Gold lower on strong dollar, Ireland woes

Thursday, 18 November 2010 00:40 -     - {{hitsCtrl.values.hits}}

(Reuters) - Gold edged lower on Wednesday, as mounting fears over Ireland’s fiscal health sparked a strong rally in the dollar, pressuring bullion, while worries about China tightening monetary policy weighed on sentiment.

Euro zone finance ministers agreed on Tuesday to lay the groundwork for bailing out Ireland’s banking sector with the IMF, but said Dublin had to decide itself whether to request the aid.



The dollar hit seven-week highs against the euro as a result.

“In the short term, the Ireland crisis may weigh on gold because it is boosting the dollar,” said Hou Xinqiang, an analyst at Jinrui Futures in China. “But if going forward it spilled over to other nations and caused concerns on the health of the entire euro zone economy, that would help support gold.”

Spot gold fell 0.2 percent to $1,337.41 an ounce by 10:20 p.m. EST, extending a two percent fall in the previous session.

U.S. gold futures remained little changed at $1,337.8.

Gold may head down further to $1,330, or even lower after it broke below a key support level around $1,350, analysts and traders said.

“It (Ireland) is probably an excuse to offload the heavy long positions that have been built in the past couple of months,” said a Hong Kong-based trader.

But uncertainties in the global economic recovery and worries over inflation down the road will continue to attract investors to gold.

“Short-term looks a bit soft, but it still hasn’t derailed the medium- and long-term bullish sentiment. Since the market is heavily one-sided, it won’t be a surprise to see continuous long liquidation and some profit-taking,” the trader said.

The Relative Strength Index on spot gold, used to measure trade interest, fell to 45.029, its lowest since early August.

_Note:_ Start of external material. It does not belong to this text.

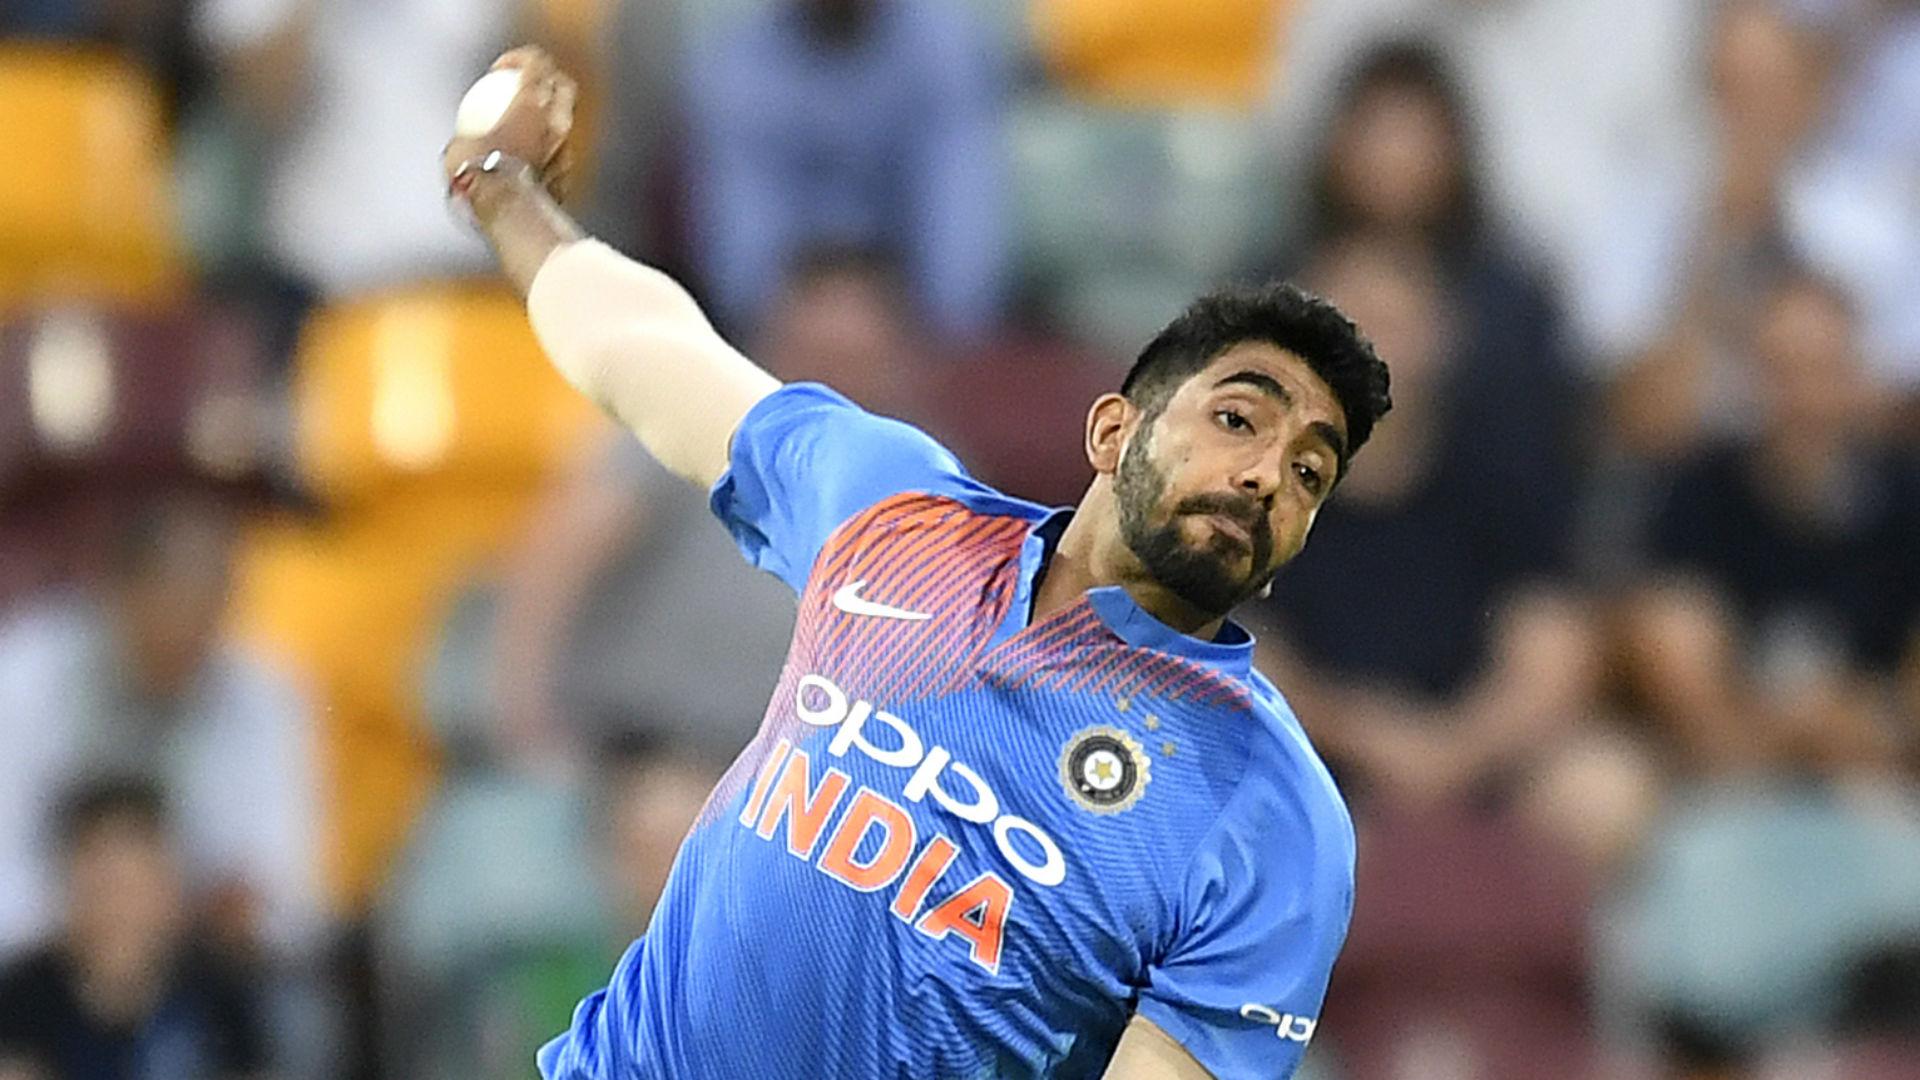 Bumrah and Dhawan return as India name squads to play Sri Lanka and Australia

In early October, the RSI hit an 11-year high of 86.246, suggesting the market was well overbought.

CHINA TIGHTENING FEAR

Speculation is mounting that China may step up policy tightening to curb inflation, after October’s reading hit a 25-month high.

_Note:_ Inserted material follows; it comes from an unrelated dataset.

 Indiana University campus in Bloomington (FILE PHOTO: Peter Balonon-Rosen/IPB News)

“The market has shifted from anticipation on inflation to expectations on measures to fight inflation,” the analyst at Jinrui Futures said. “That’s why we have seen a broad sell-off in commodities.”

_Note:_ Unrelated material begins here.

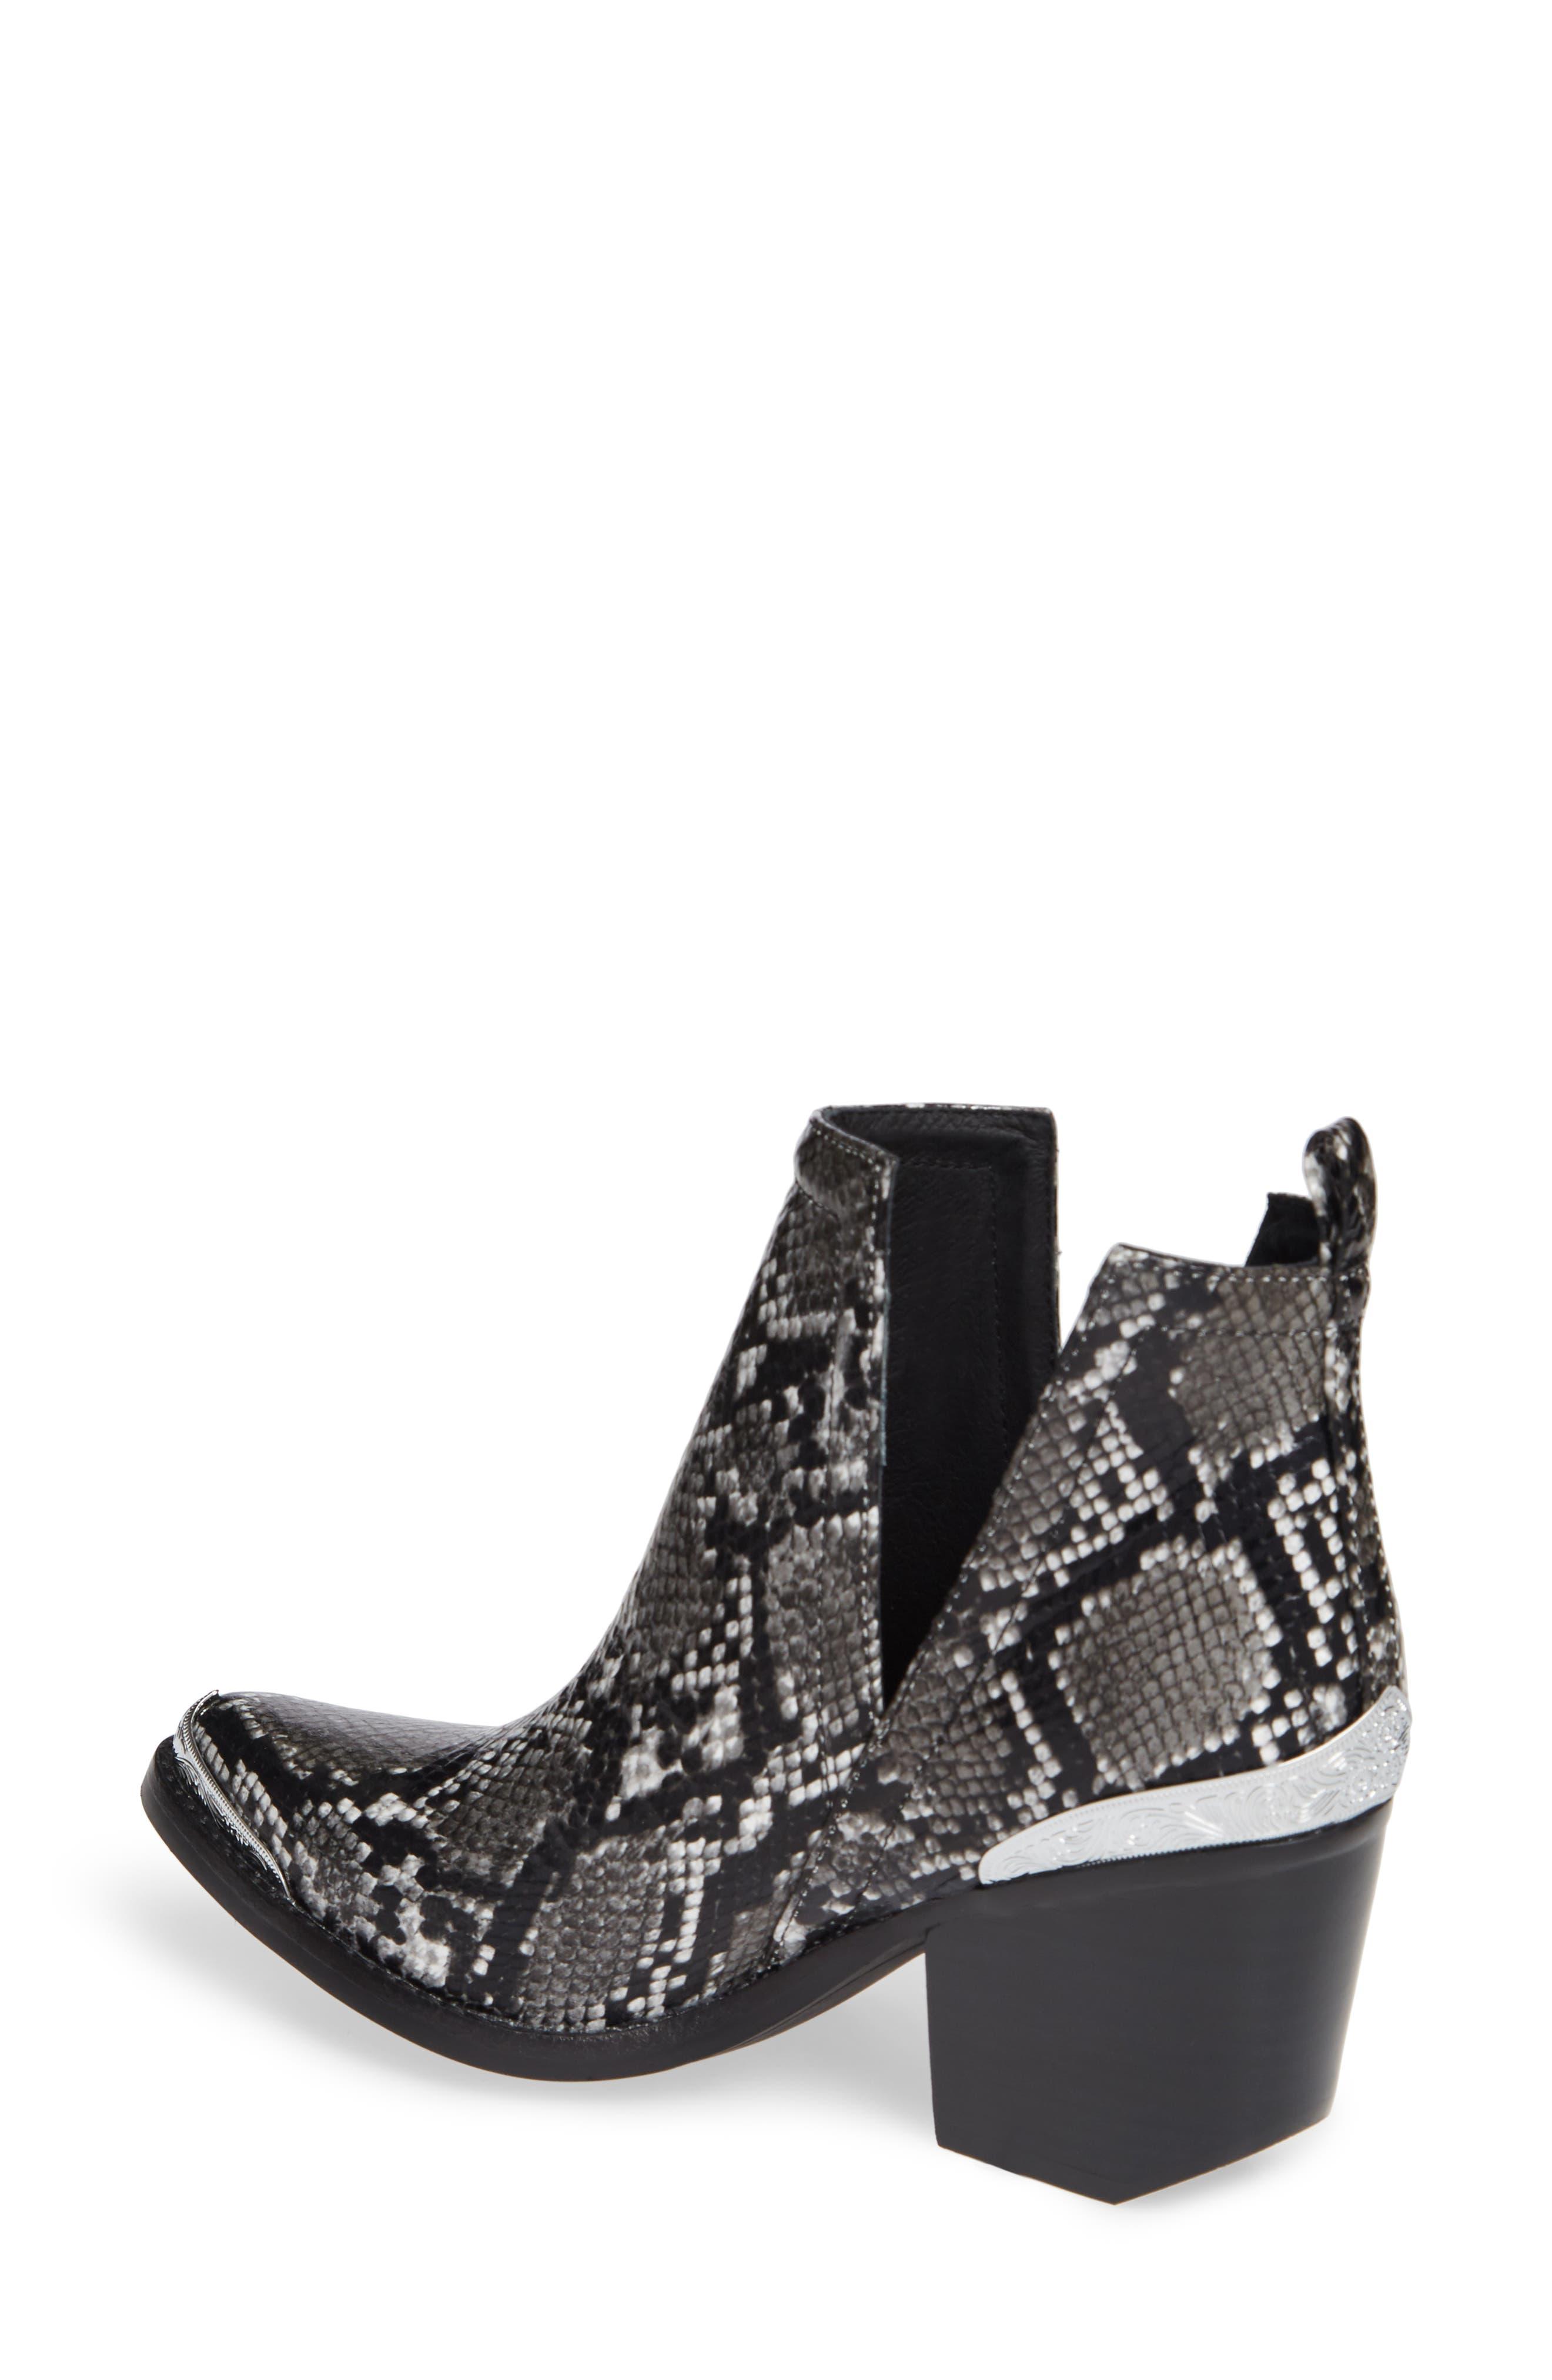 56644e324f3 Women's Jeffrey Campbell Shoes | Nordstrom

Amid talks of an imminent interest rate hike and the government’s pledge to control food price rise, a number of commodities traded on China’s exchanges, including soybean, soyoil, copper and zinc, fell by their daily limit.

The benchmark Shanghai Composite Index .SSEC opened down 1.5 percent on tightening fears, after it slumped to a one-month low in the previous session. .SS

Spot platinum fell to a seven-week low of $1,624, before recovering to $1,629.24.

Spot palladium declined to a two-week low of $630.22.

Platinum group metals are set to continue to thrive in 2011 as a tightening of the metals’ underlying fundamentals keeps sentiment upbeat, metals refiner Johnson Matthey said in a report.